Pic provides a rare dose of humor in the lineup this year with “Smiley Face.”

Society’s ails are the subject of Nicolas Klotz’s novel adaptation “The Heartbeat Detector,” about a human resources department psychologist who stumbles on some dark secrets in his petrochemical company. Sidebar also contains an omnibus film, “The State of the World,” made to mark the 50th anniversary of Portugal’s Gulbenkian Foundation, with contributions from Apichatpong Weerasethakul, Vicente Ferraz, Ayisha Abraham, Wang Bing, Pedro Costa and Chantal Akerman.

Lebanon has two very different pics in the lineup, the societal comedy “Caramel,” from popvid helmer Nadine Labaki, and “A Lost Man,” by Danielle Arbid, who was in Directors’ Fortnight in 2004 with her helming debut, “In the Battlefields.” New pic about a photographer’s voyeuristic experiences in nighttime Beirut is inspired by real-life photographer Antoine d’Agata.
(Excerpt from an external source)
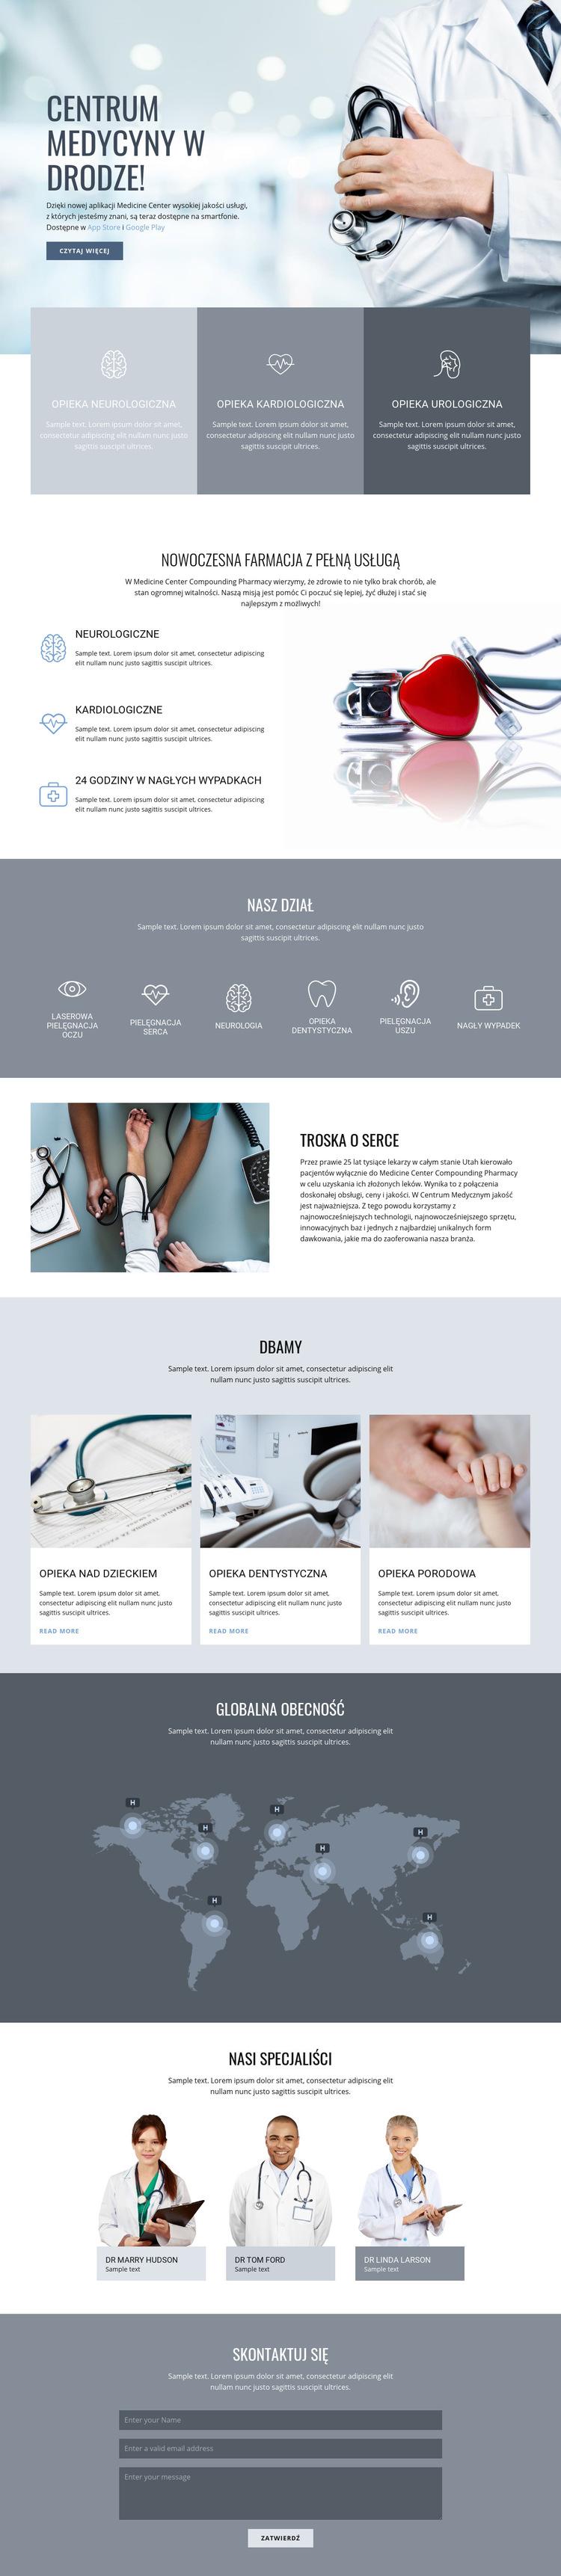 Centrum medycyny jakości Szablon witryny sieci Web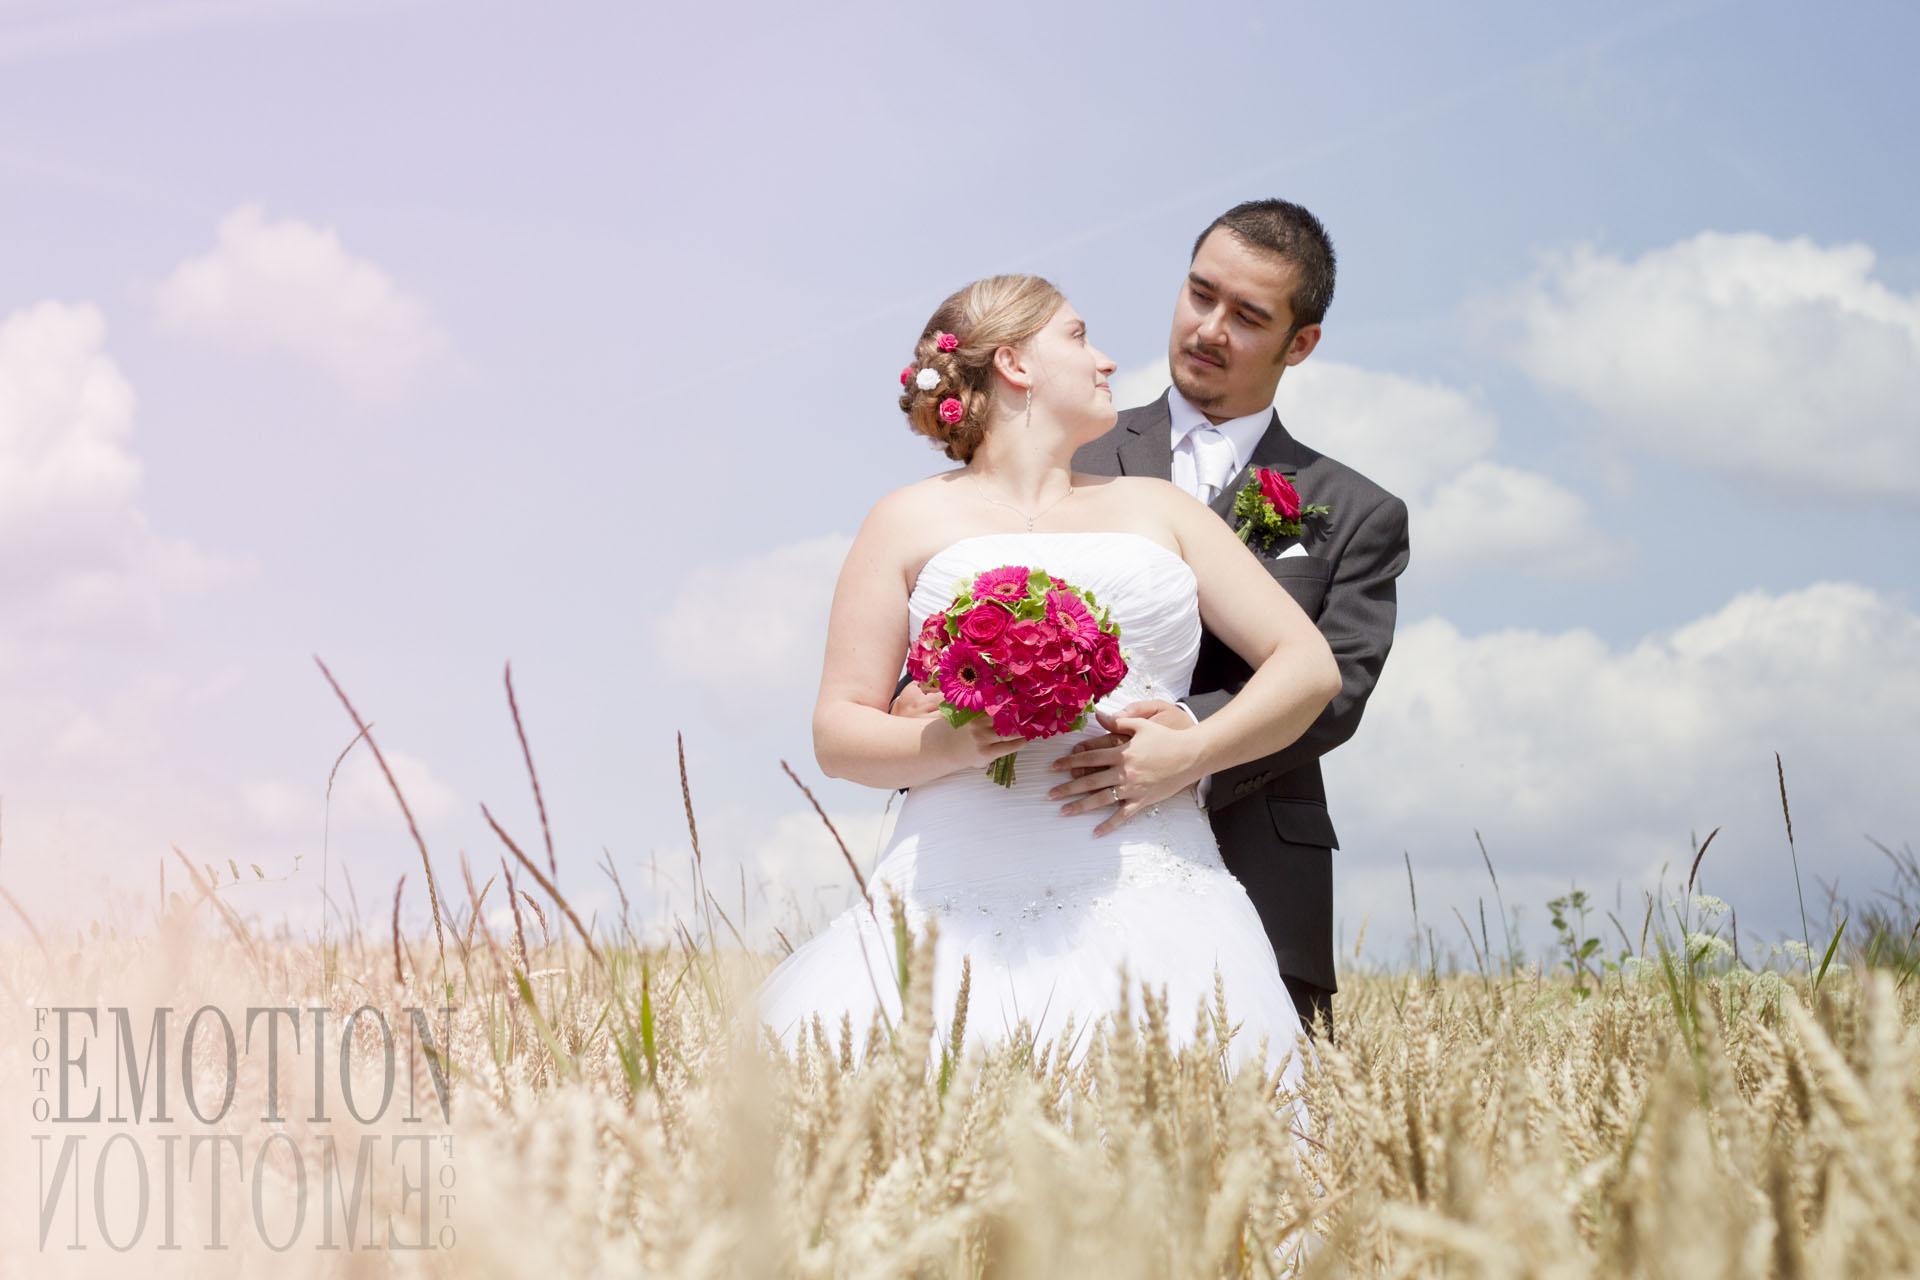 profesionalni-foceni-svatby-se-slevou

“It’s very beautiful, very modern,” Pere said.

Sidebar will close with the “poetic” Brazilian pic “Mutum,” about young kids in an isolated farm in Brazil.

In addition to its usual lineup of new short films, some 10 titles this year, sidebar will also screen restored copies of classic French shorts “The Red Balloon” and “White Mane.”